Exact reproduction is required for the lines below starting at the line with "No. 31 EXTERIOR SILK alkyd - 1L" and ending at the line with "lizard in amazing", both included. No other lines, and no pictures.
━━ Extracted information
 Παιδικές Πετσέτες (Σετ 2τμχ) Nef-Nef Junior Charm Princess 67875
━━━━
━━ Extracted information
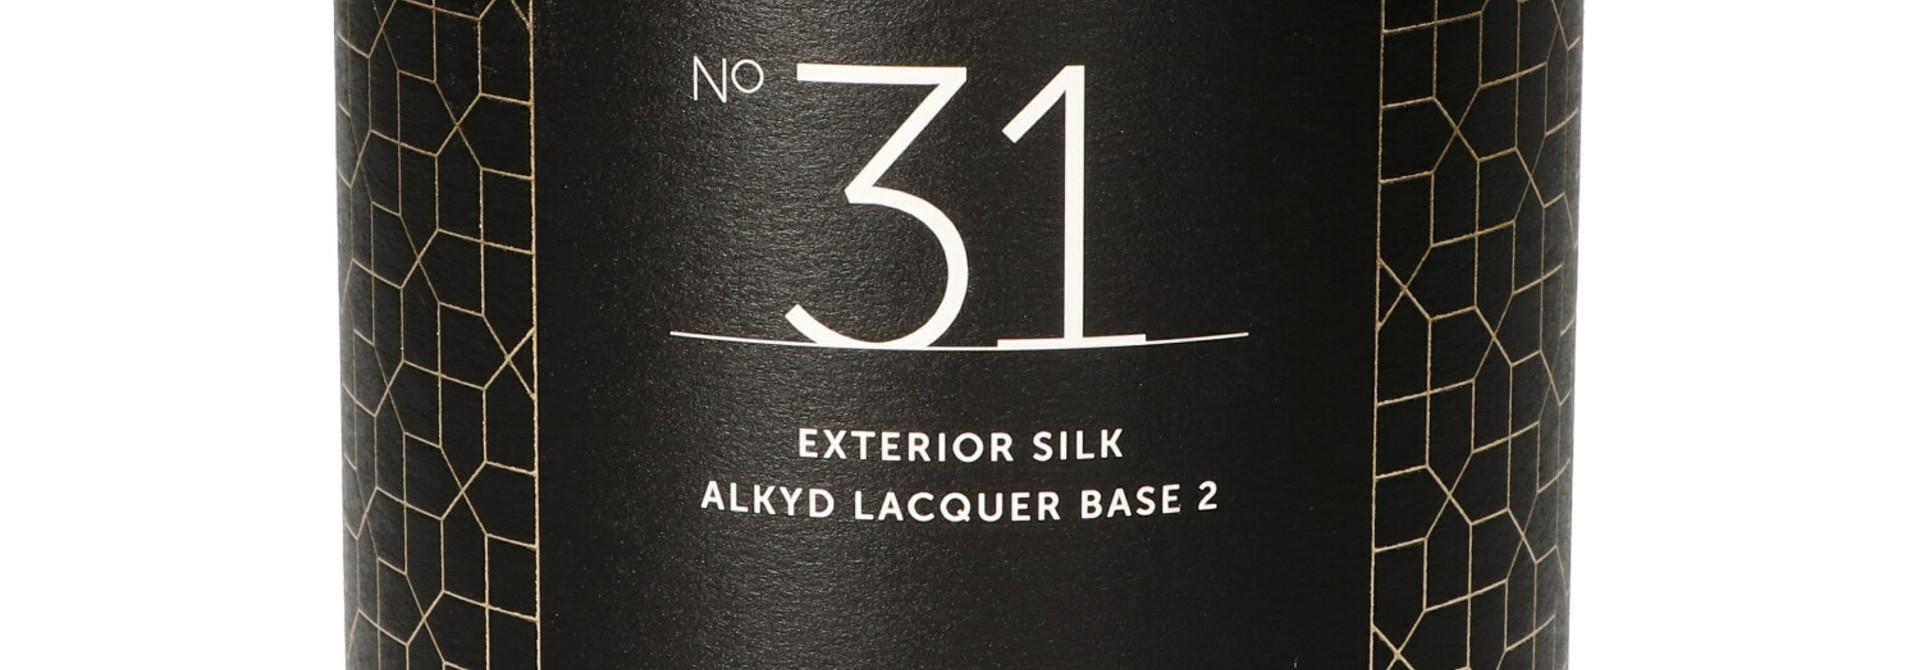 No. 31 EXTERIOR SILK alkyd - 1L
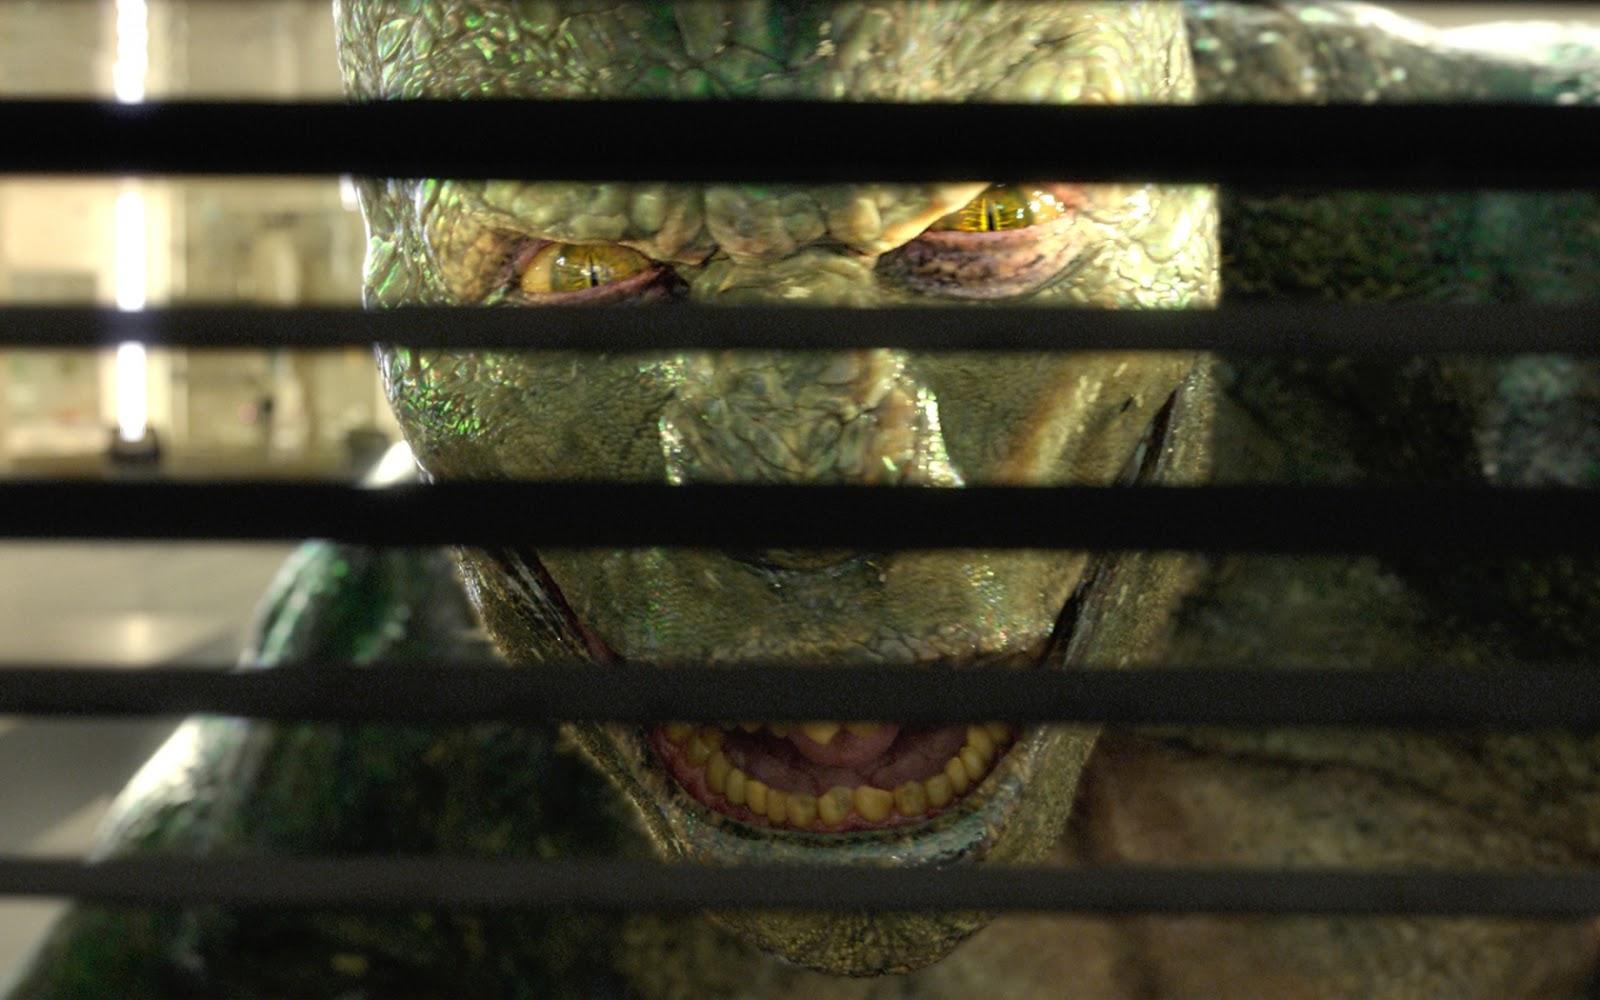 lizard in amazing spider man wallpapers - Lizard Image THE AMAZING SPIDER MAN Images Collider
━━━━
- Task solution:
 No. 31 EXTERIOR SILK alkyd - 1L
 lizard in amazing spider man wallpapers - Lizard Image THE AMAZING SPIDER MAN Images Collider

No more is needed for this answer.